IoT and big data technologies to avoid disruptions: creating a resilient model for global supply chain networks
Wadke, PP and Rezaei Vandchali, H, IoT and big data technologies to avoid disruptions: creating a resilient model for global supply chain networks, Proceedings of the 10th Asian Logistics Round Table Conference (ALRT), 19-20 November 2020, Launceston, Tasmania, pp. 1-24. (2020) [Refereed Conference Paper]

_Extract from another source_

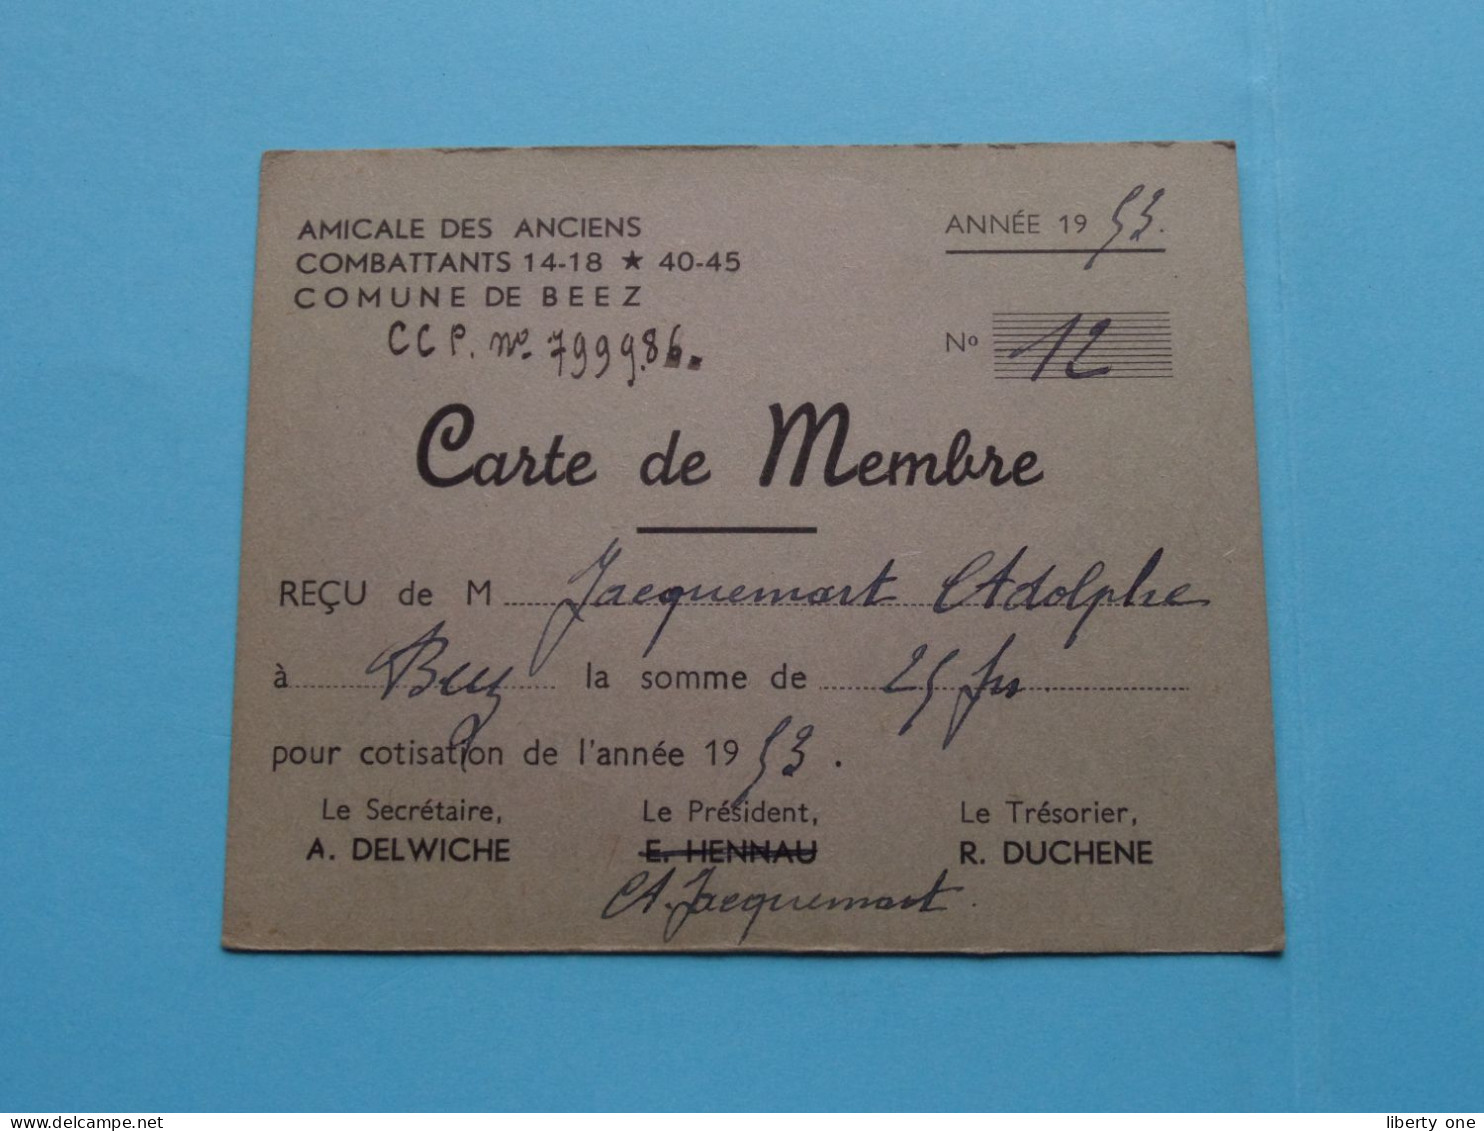 Am. Des Anciens COMBATTANTS 14-18 * 45-45 Com. De BEEZ ( Zie / Voir Scans ) 1953 ( Carte De Membre ) ! - Lidmaatschapskaarten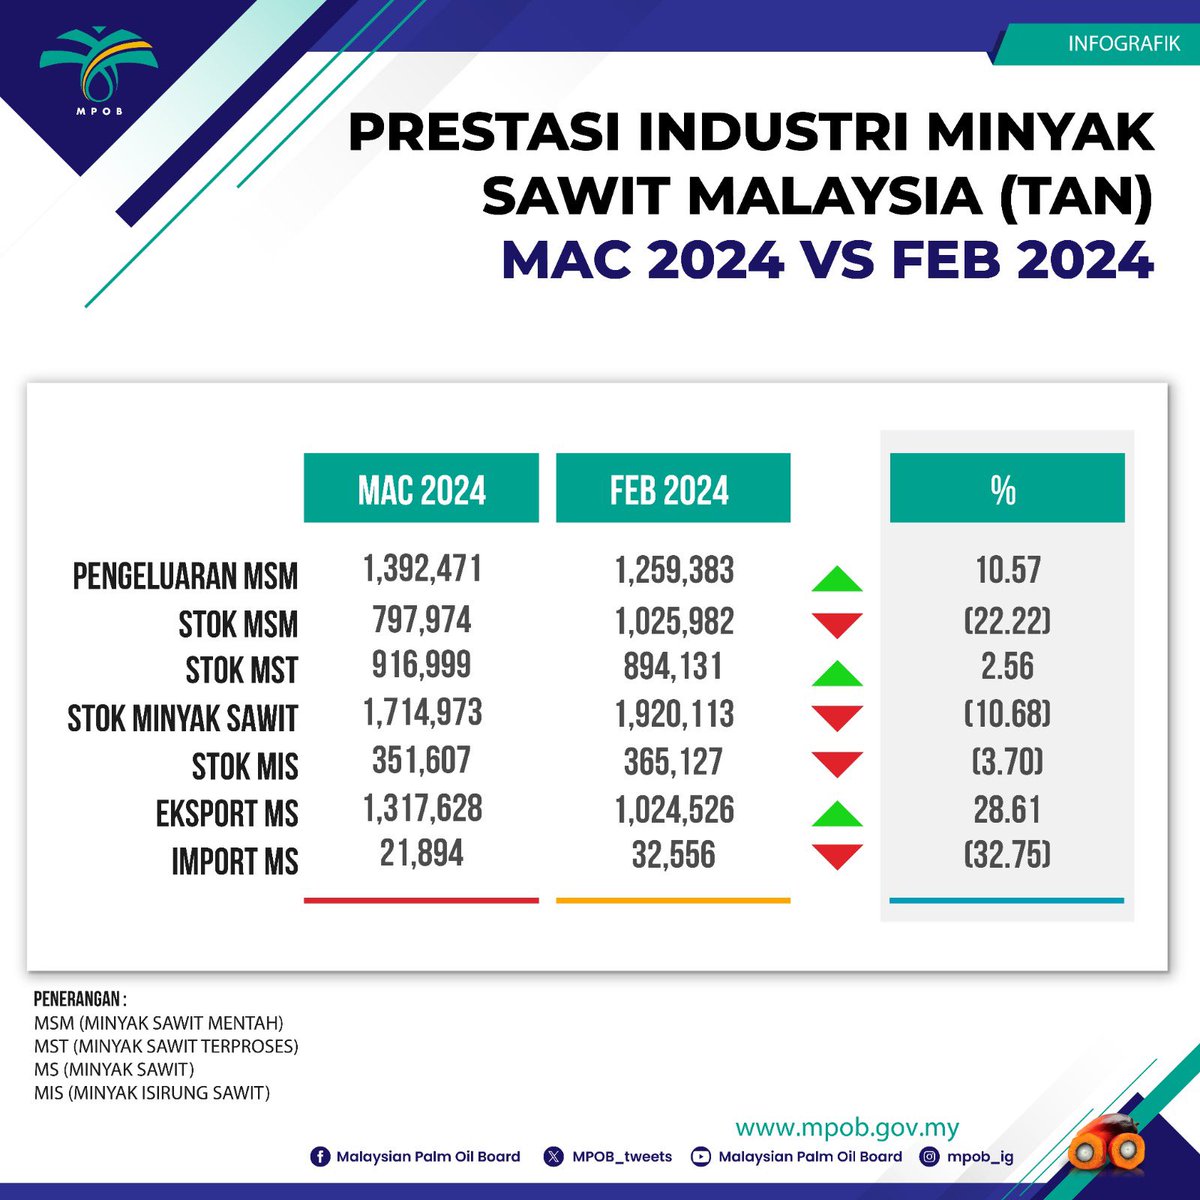 ▶️ Prestasi Industri Sawit bagi Mac 2024 berbanding Februari 2024.

Historically, Global Supply Chain Networks (GSCNs) have failed to effectively respond to the disruptions induced by natural disasters, wars, terrorist attacks and public health crises with the most recent example of the global pandemic of COVID-19. Global Supply Chain Networks (GSCNs) have not only failed to design fail-proof systems for operating without any disruptions, but they have also been unable to adapt to the drastically changing market environment. Sudden variations in the demand for goods and services in combination with the lack of adaptability pose expensive risks to a firm. Moreover, vulnerable supply chains do not recover effectively from disruptions. The inability of firms to adopt IT-enabled services such as those offered by the big data ecosystems could been regarded as the major cause of such failures. The aim of this research paper is to formulate a conceptual framework of resilient GSCNs by linking the elements constituting towards GSCN disruption failures and the latest services offered by IoT (Internet of Things) and the big data technologies. The adopted methodology follows a literature review to investigate the major GSCN disruptions in recent decades and analyze the major causes for their vulnerability. It also examines the contribution of IoT and big data technologies in building resilient GSCNs. Based on the findings, major aspects of GSCN disruptions are addressed and appropriate solutions derived from IoT and big data technologies are provided. Furthermore, the paper provides additional suggestions for GSCNs to design future-proof systems to operate in uncertain environments.